• _Task details_: For the records below, copy exactly the span that begins at the line containing "Support Halloween Car" and stops after the line containing "VIVIENNE McMASTER WEB CV (APR 2020) 2.jp", minus any pictures.
##### Dataset records
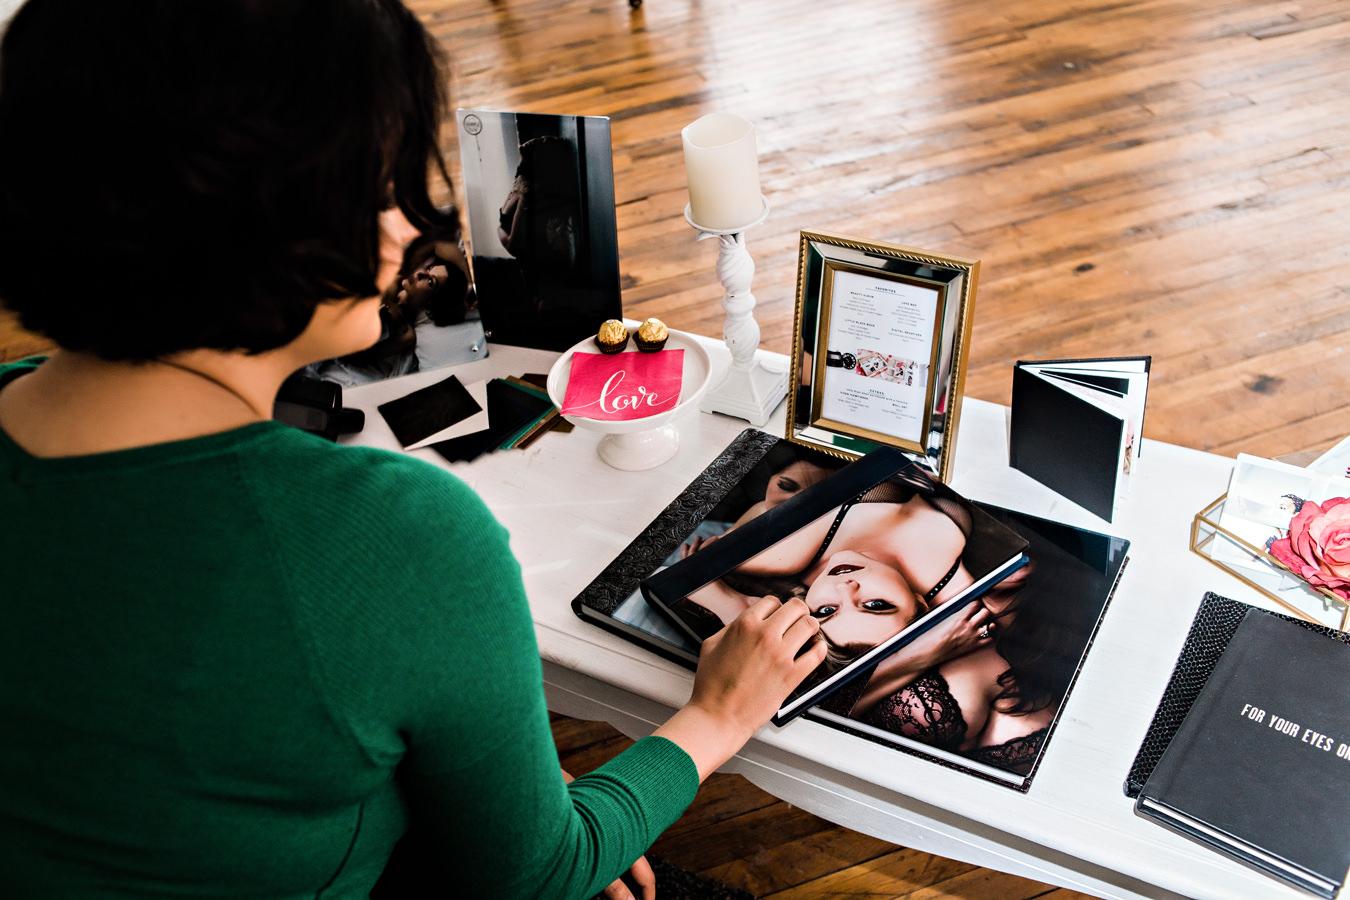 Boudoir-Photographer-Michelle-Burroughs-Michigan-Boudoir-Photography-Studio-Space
##########
##### Dataset records
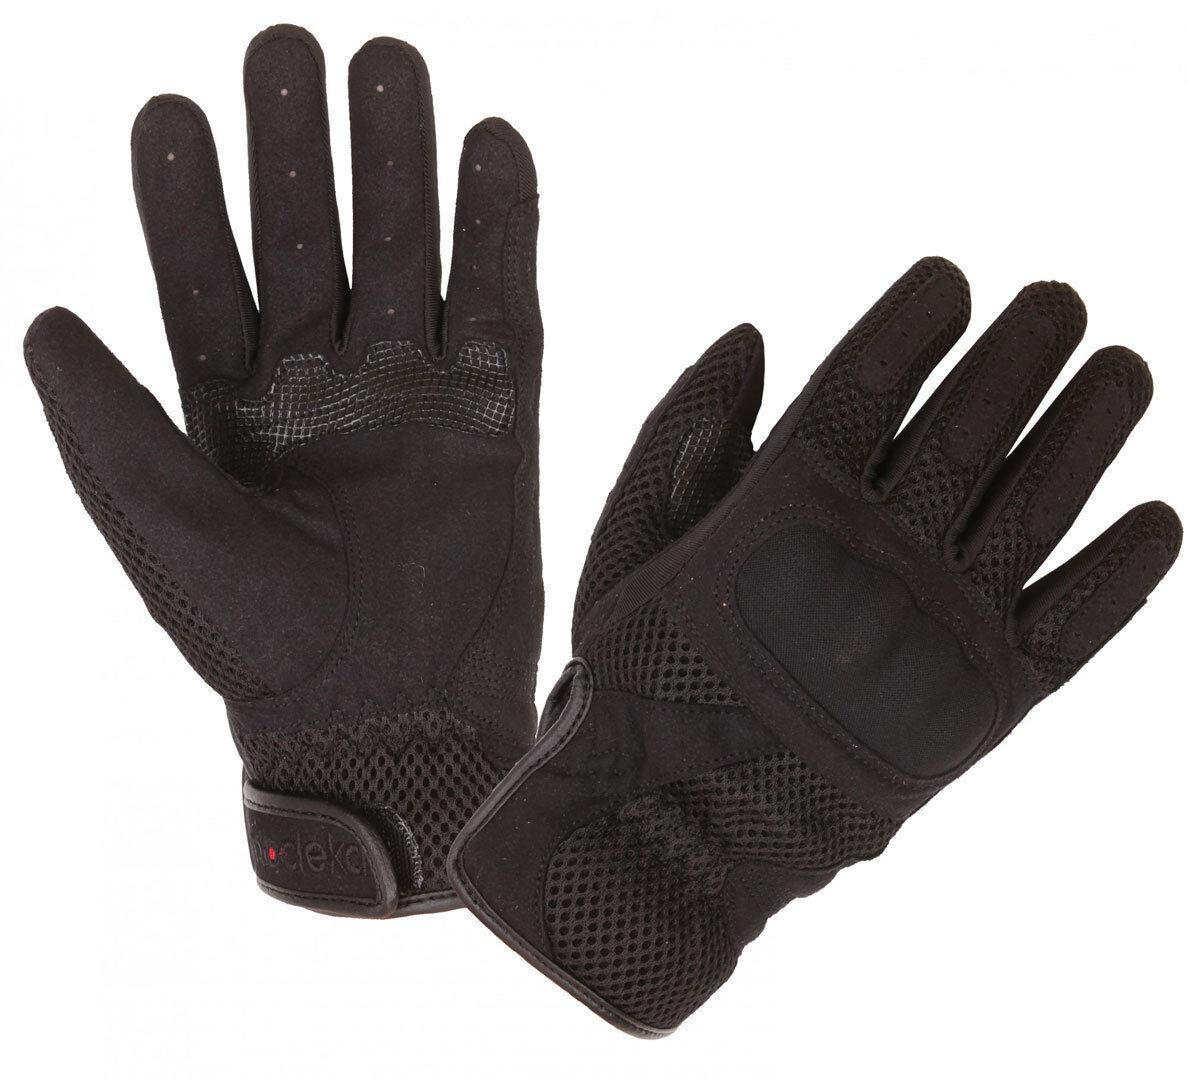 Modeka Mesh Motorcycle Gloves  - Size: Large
##########
##### Dataset records
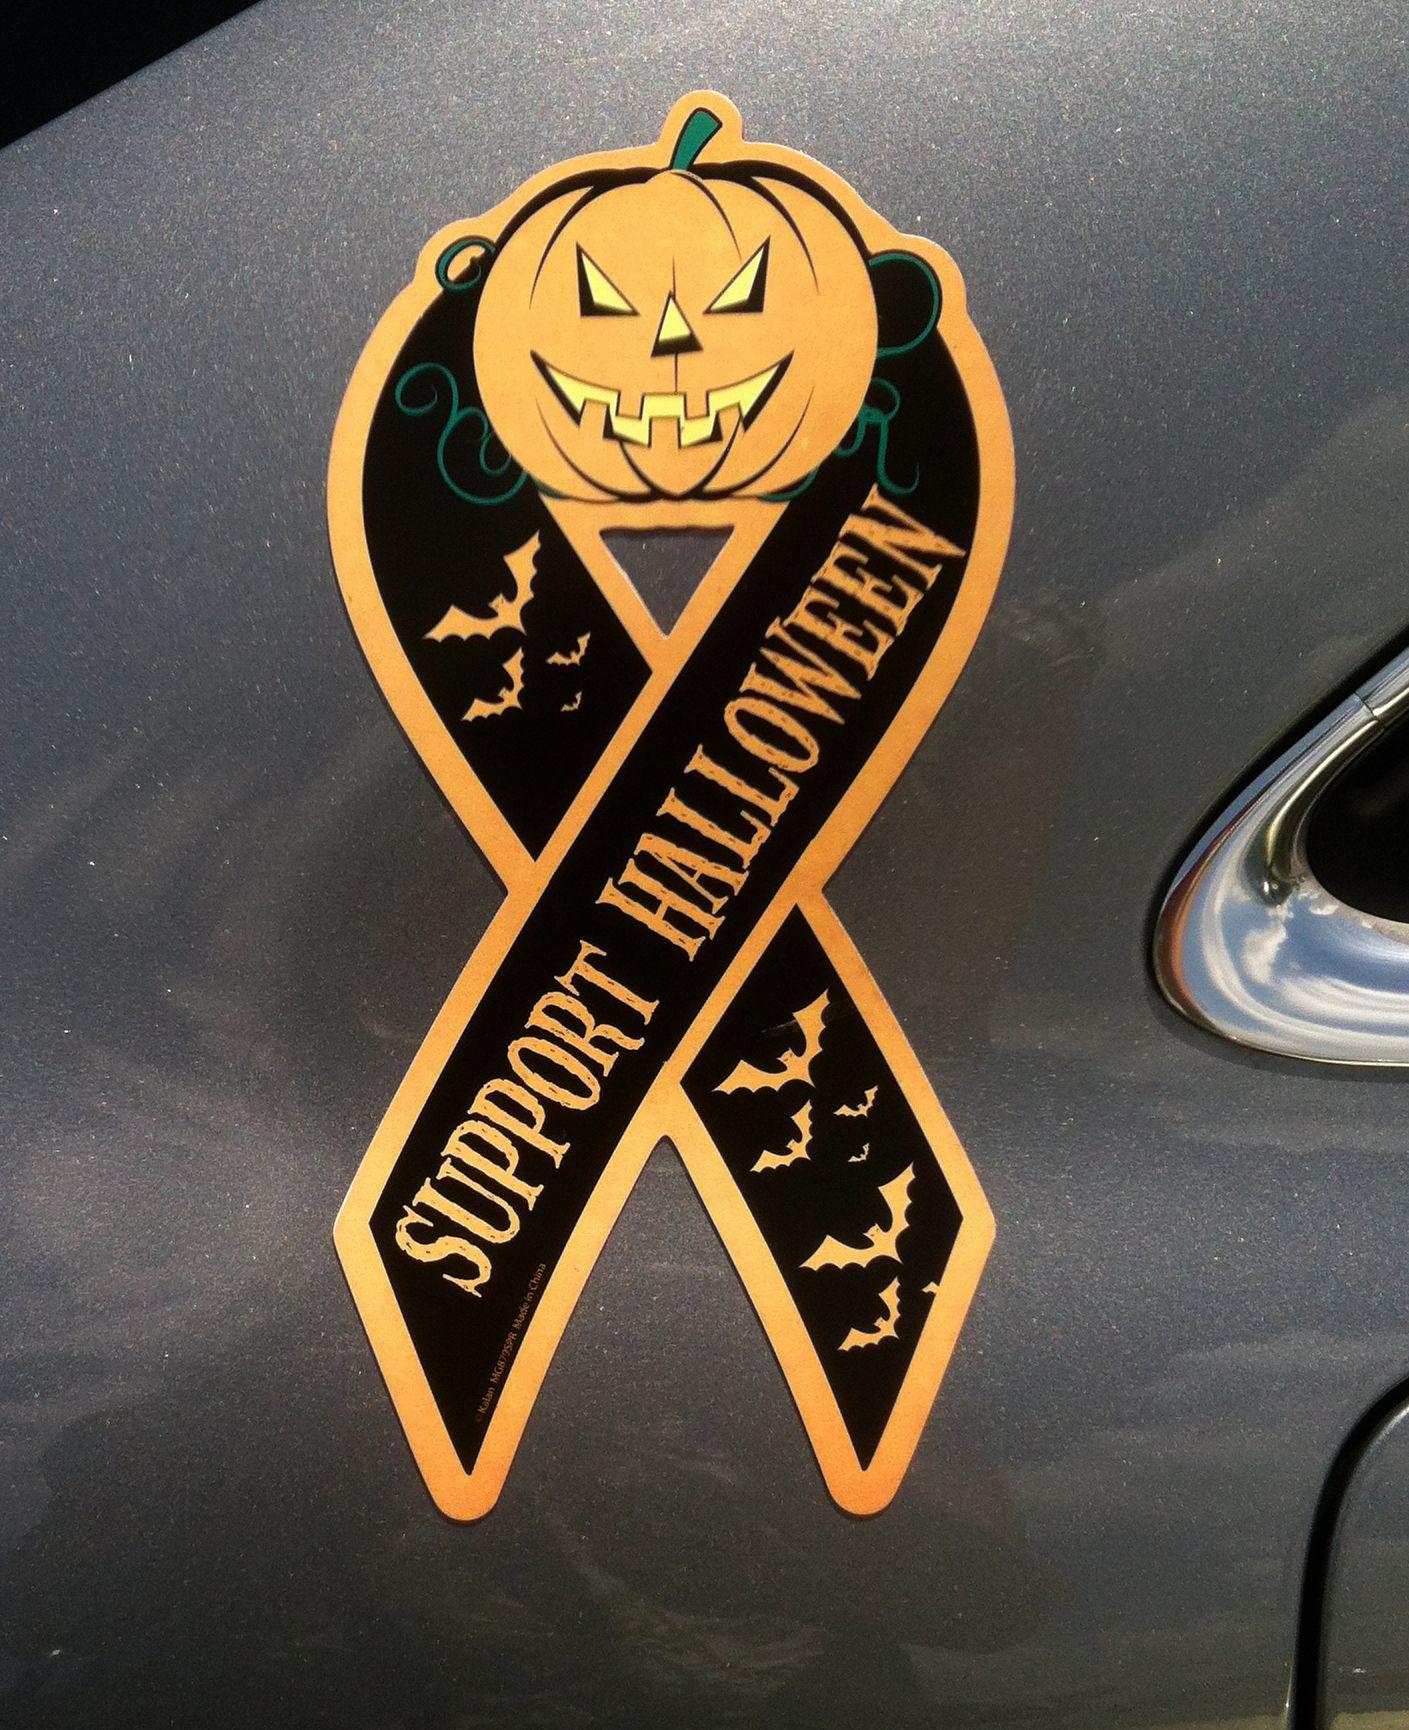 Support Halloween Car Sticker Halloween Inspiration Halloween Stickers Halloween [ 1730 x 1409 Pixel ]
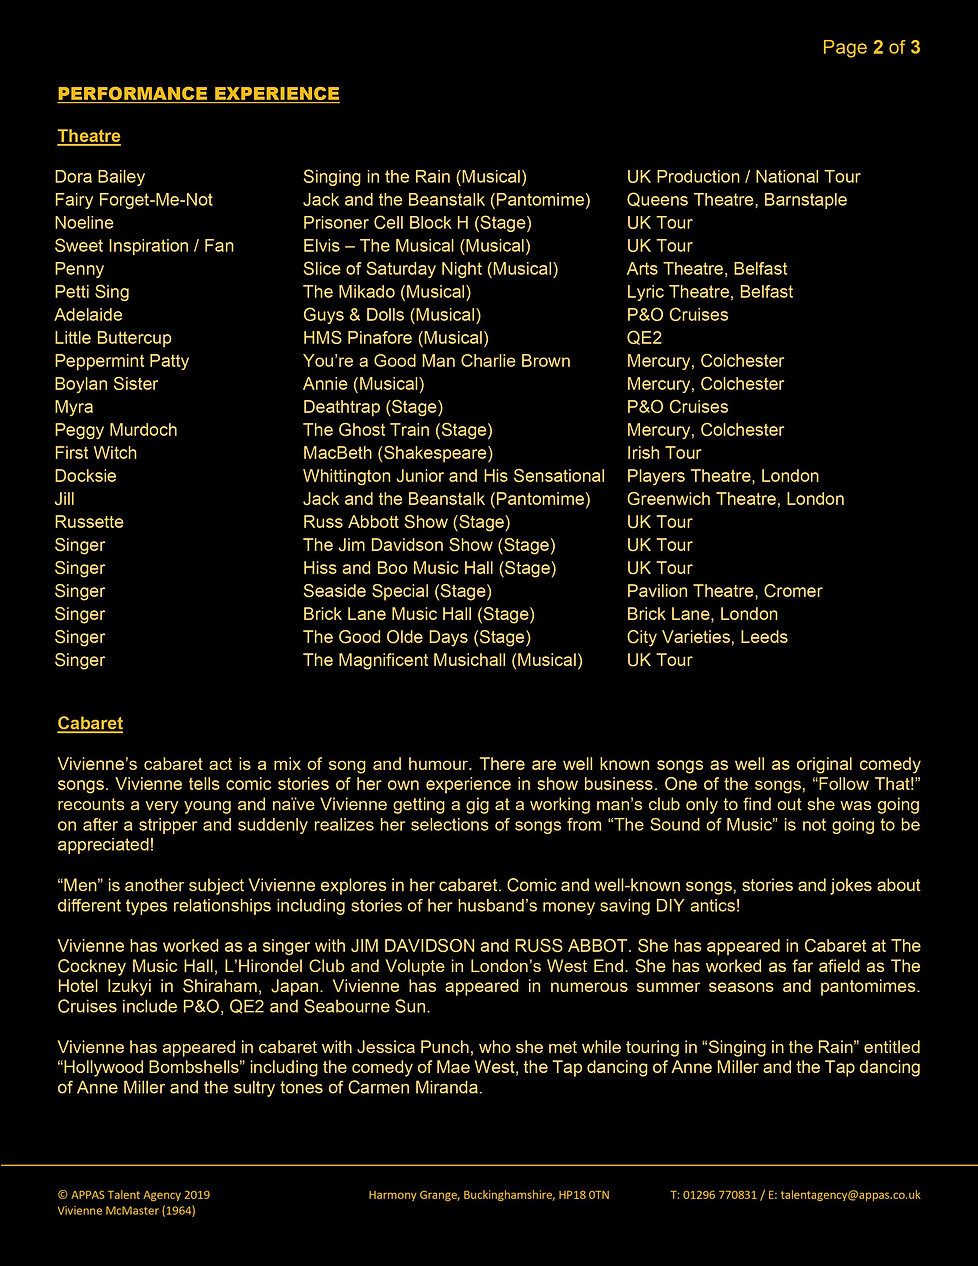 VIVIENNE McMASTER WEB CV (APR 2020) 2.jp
##########
• _Reply_:
 Support Halloween Car Sticker Halloween Inspiration Halloween Stickers Halloween [ 1730 x 1409 Pixel ]
 VIVIENNE McMASTER WEB CV (APR 2020) 2.jp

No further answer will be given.